The data: Begin

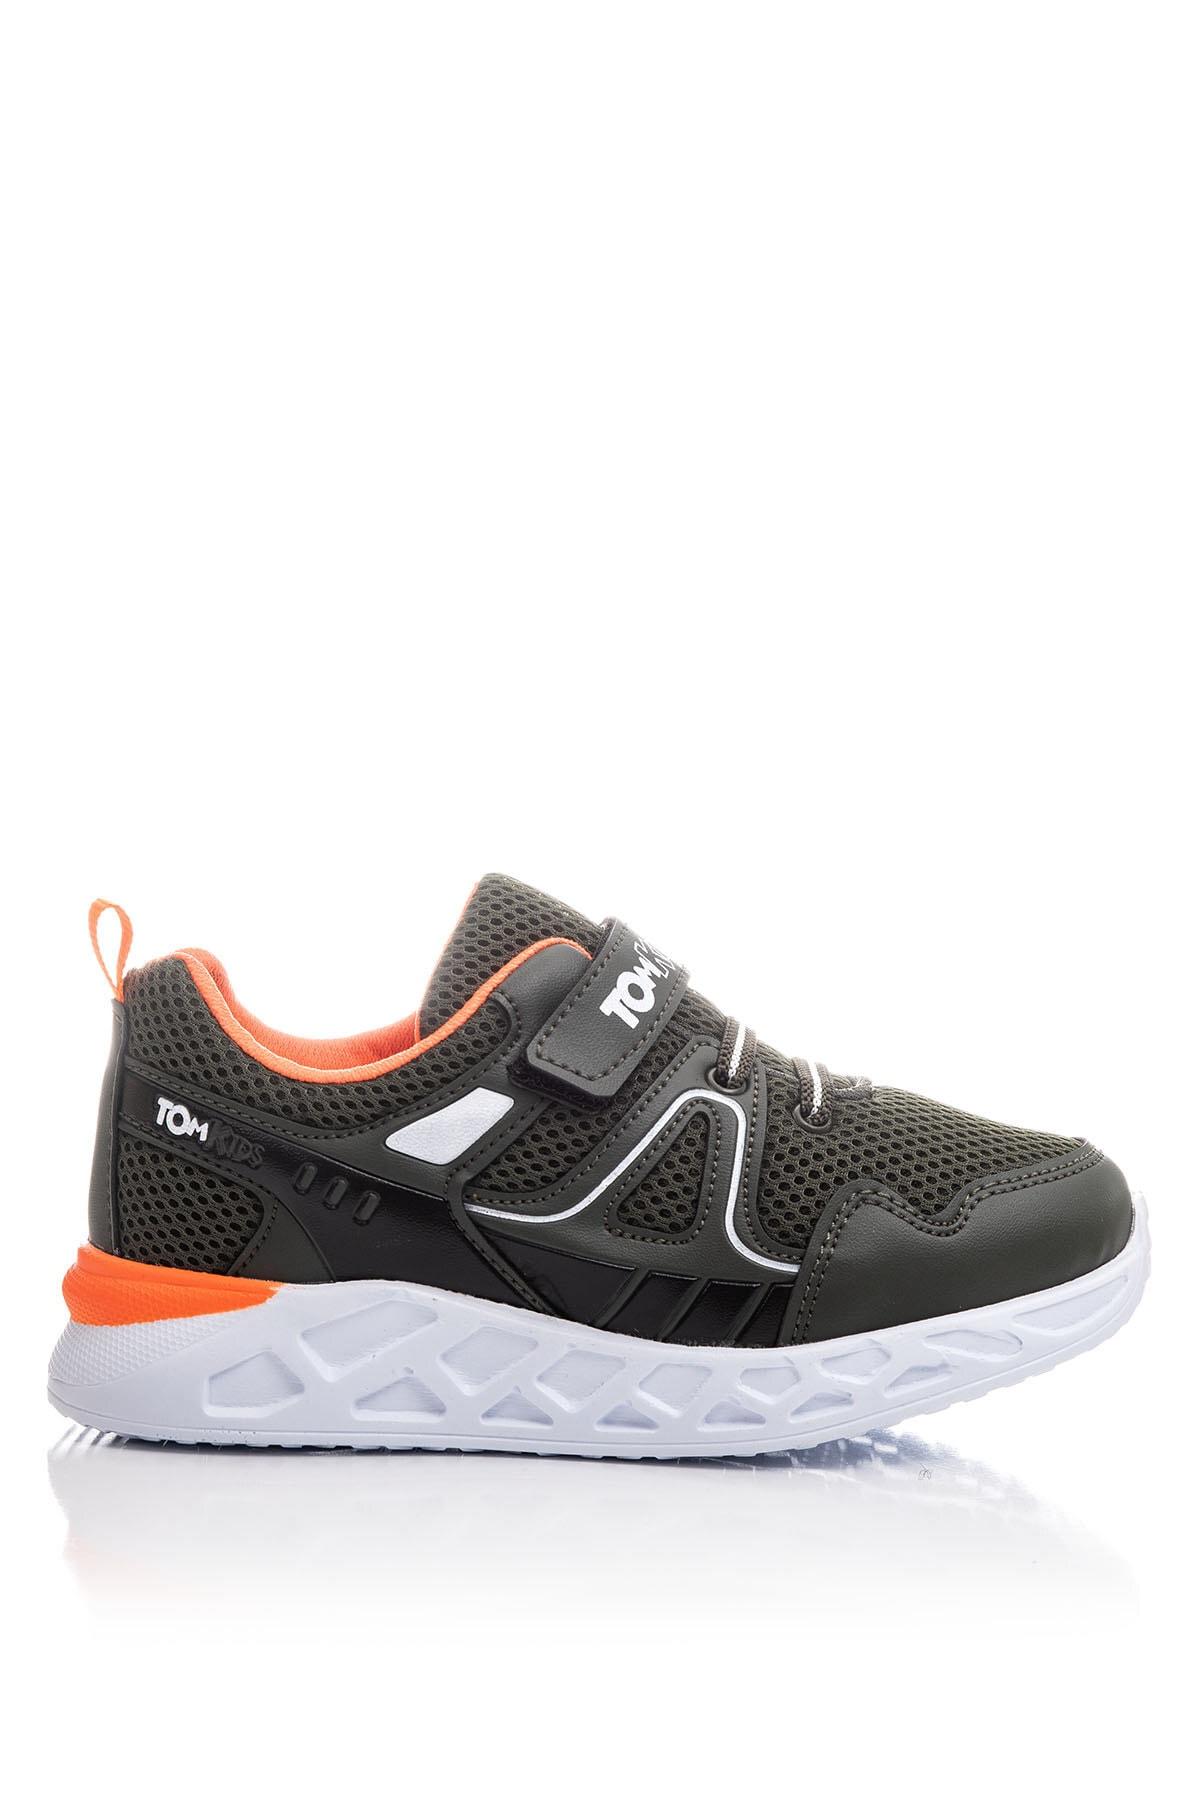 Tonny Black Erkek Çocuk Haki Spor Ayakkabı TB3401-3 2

The data: End
The data: Begin

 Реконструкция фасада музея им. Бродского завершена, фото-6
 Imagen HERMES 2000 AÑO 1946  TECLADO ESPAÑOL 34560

The data: End

→ Exercise instructions
Exact duplication is required for the lines above, from the line that contains "Реконструкция фасада музея" to the line that contains "Imagen HERMES 2000", inclusive; omit all others.

→ Solution to the exercise
 Реконструкция фасада музея им. Бродского завершена, фото-6
 Imagen HERMES 2000 AÑO 1946  TECLADO ESPAÑOL 34560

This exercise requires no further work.